Why So Many Newington Adults Were Never Diagnosed as Kids

Here's something worth knowing: a huge number of adults — especially women — got to adulthood without anyone ever catching their ADHD. Why? Because inattentive ADHD is easy to miss. Girls in particular tend to internalize the struggle rather than act out. Teachers saw a quiet kid who daydreamed and called it "not working to potential." Parents saw a smart kid who just needed to try harder. And so you tried harder. You developed workarounds. You stayed up late to compensate for the hours lost to distraction. You built a whole system of sticky notes and reminders that sometimes worked and sometimes didn't. If you were "high-functioning" enough to get through school, nobody looked deeper. But managing doesn't mean thriving. And now, in adulthood — with a job, relationships, bills, and a thousand competing demands — the workarounds aren't cutting it anymore. That's exactly when a lot of people in Newington start asking whether ADHD might explain what they've been living with for years.

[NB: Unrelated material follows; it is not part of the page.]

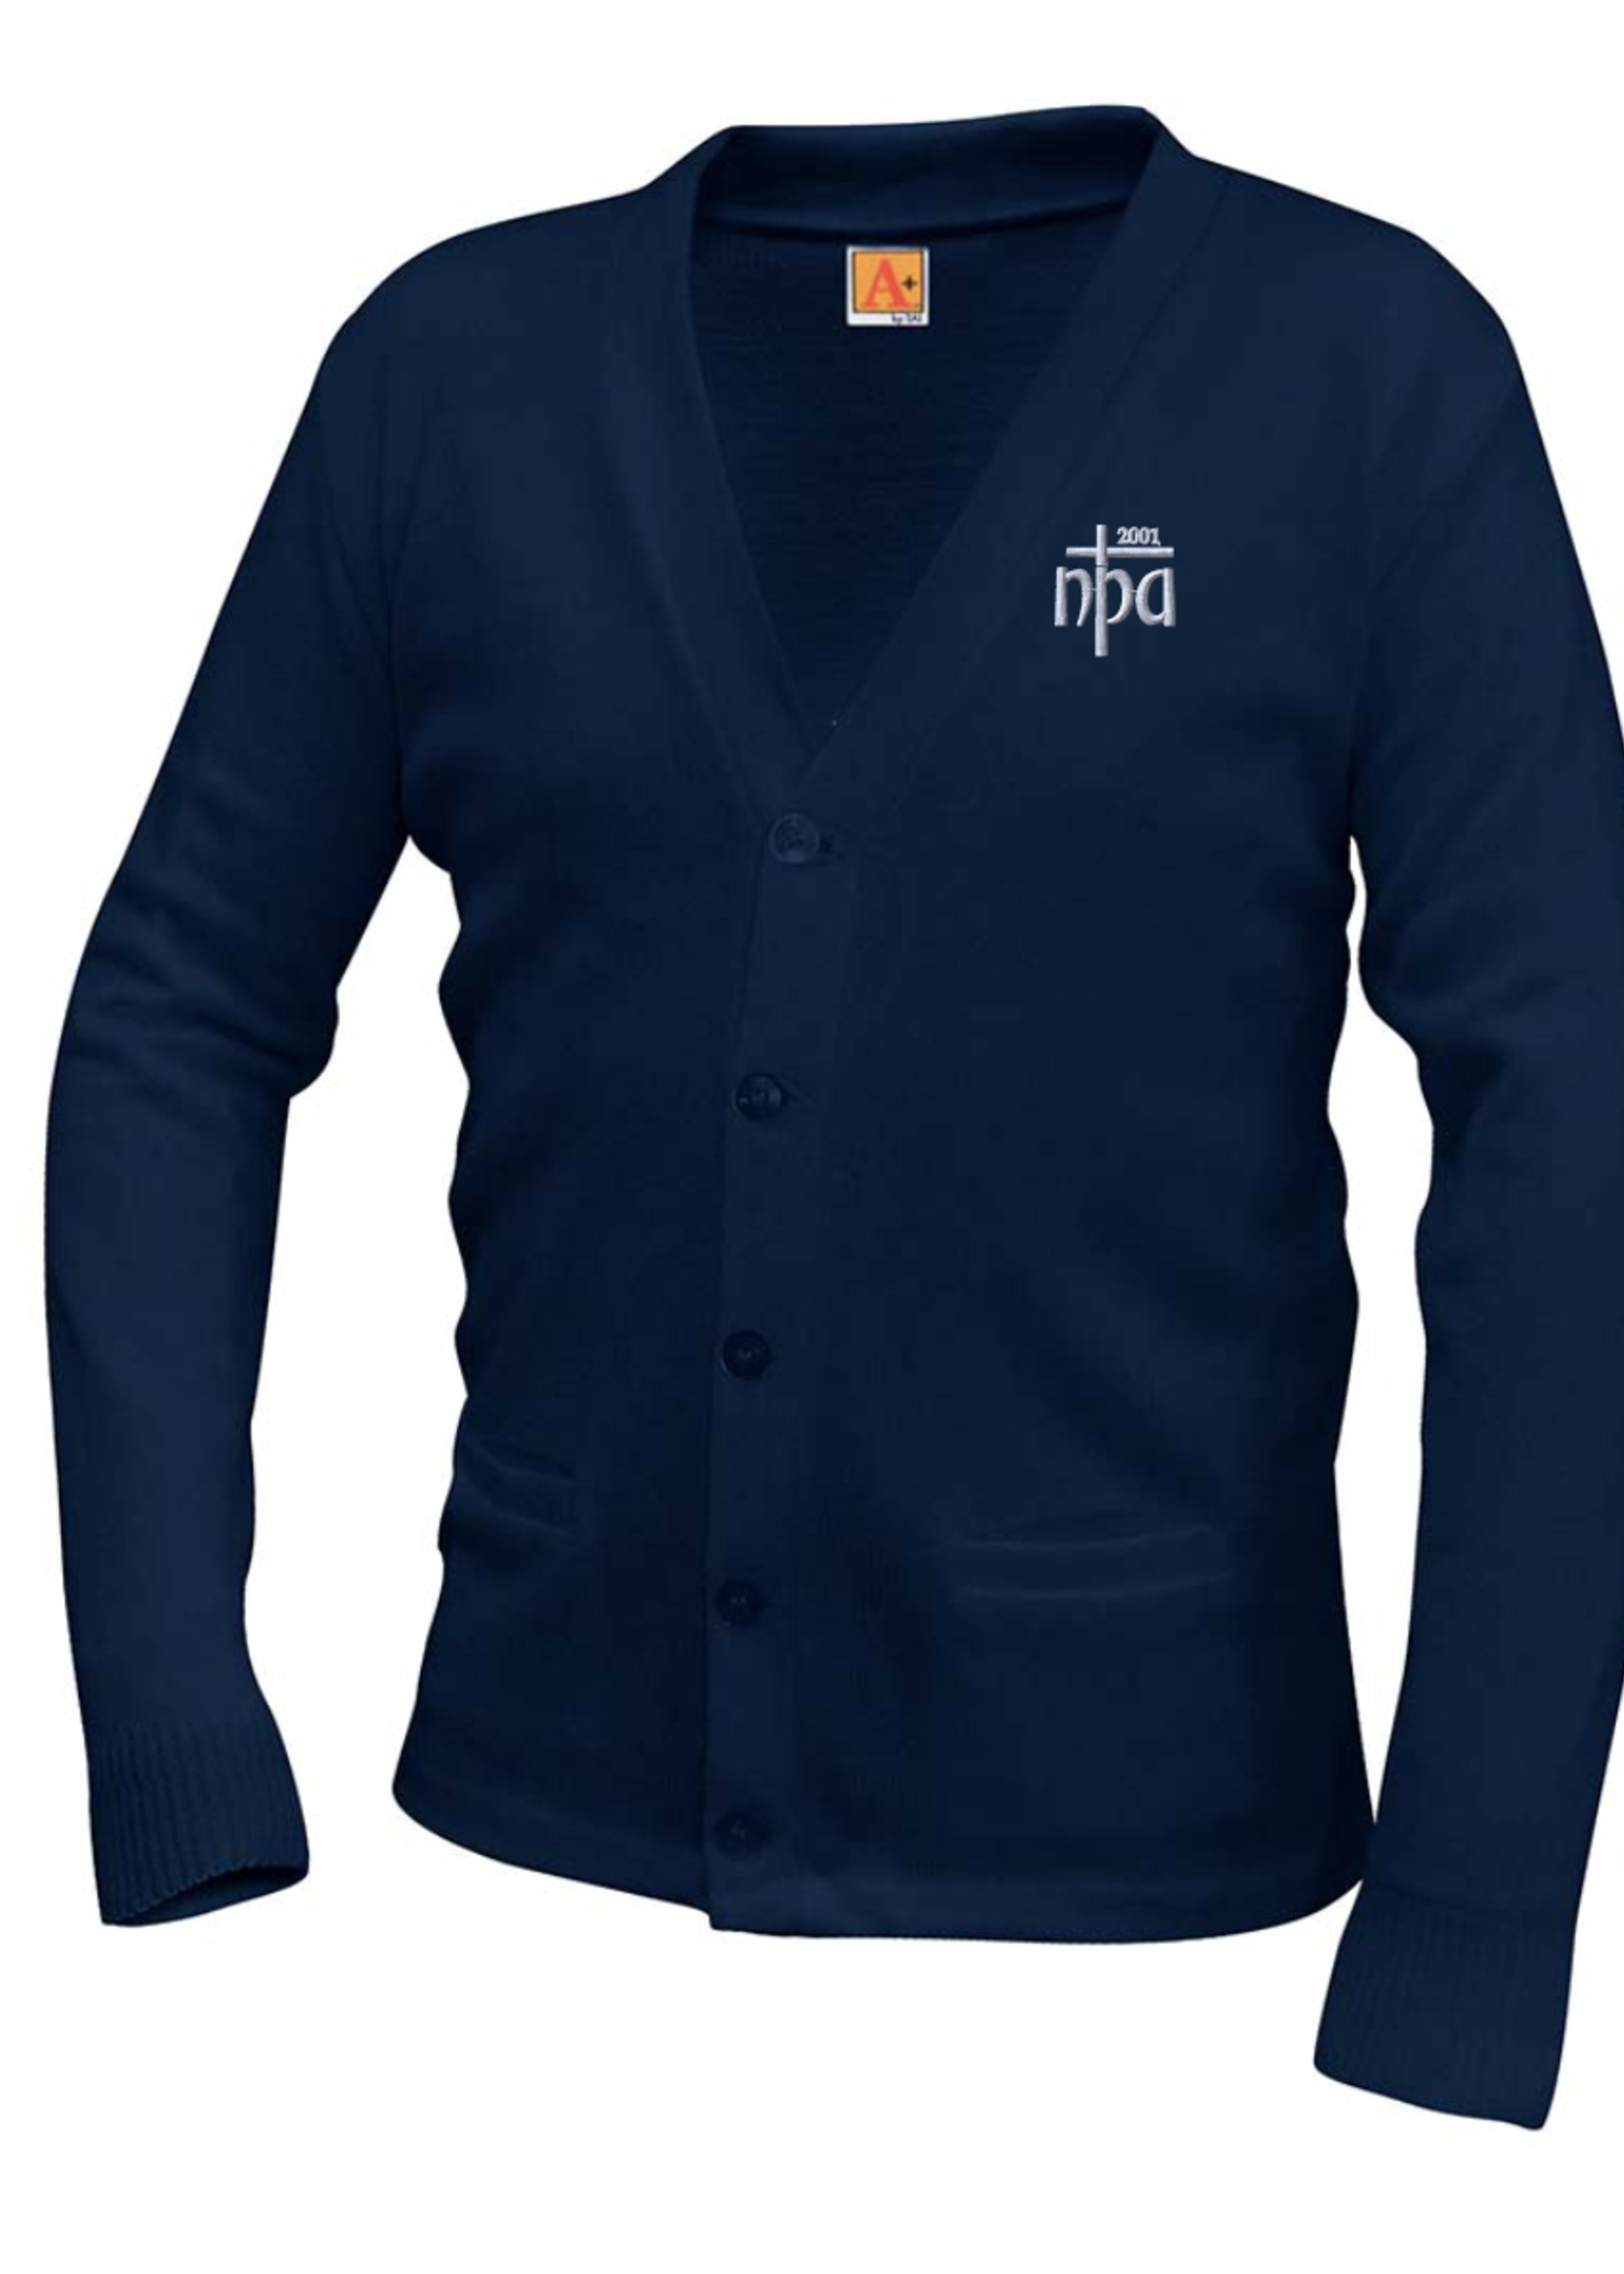 NPA Navy V-neck cardigan sweater with pockets

Adult ADHD evaluation and treatment in Newington, CT

What Getting Evaluated and Treated Actually Looks Like

Starting is probably easier than you think. At Elite Health, you begin with a psychiatric evaluation — not a test you pass or fail, but a real conversation. Sindhia Shyras takes time to understand your history: what's been hard, for how long, and how it's affecting your daily life. From there, if ADHD fits the picture, you'll talk through options together. That might mean medication, behavioral strategies, or both. It's not a one-visit-and-done situation. You'll have ongoing appointments to see how things are going, adjust if needed, and make sure what you're doing is actually working for you. Both telehealth and in-person visits are available, so if getting to New Britain is a stretch from Newington, you can do this from your couch. And if you've got questions — about medication, about what a diagnosis means, about anything — bring them. No question is too small or too basic.

Common Questions

It's a fair question, and it's one a lot of adults ask. ADHD does typically start in childhood — but it doesn't have an expiration date. Many adults were never diagnosed as kids, either because their symptoms were mild enough to fly under the radar, or because they compensated well, or because the adults around them didn't know what to look for. The DSM does require that symptoms were present before age 12, but that doesn't mean you had to have a diagnosis back then. A good evaluation will ask about your history and look at how things have developed over time. You don't have to have a childhood report card that says "does not sit still" to qualify for an adult ADHD evaluation.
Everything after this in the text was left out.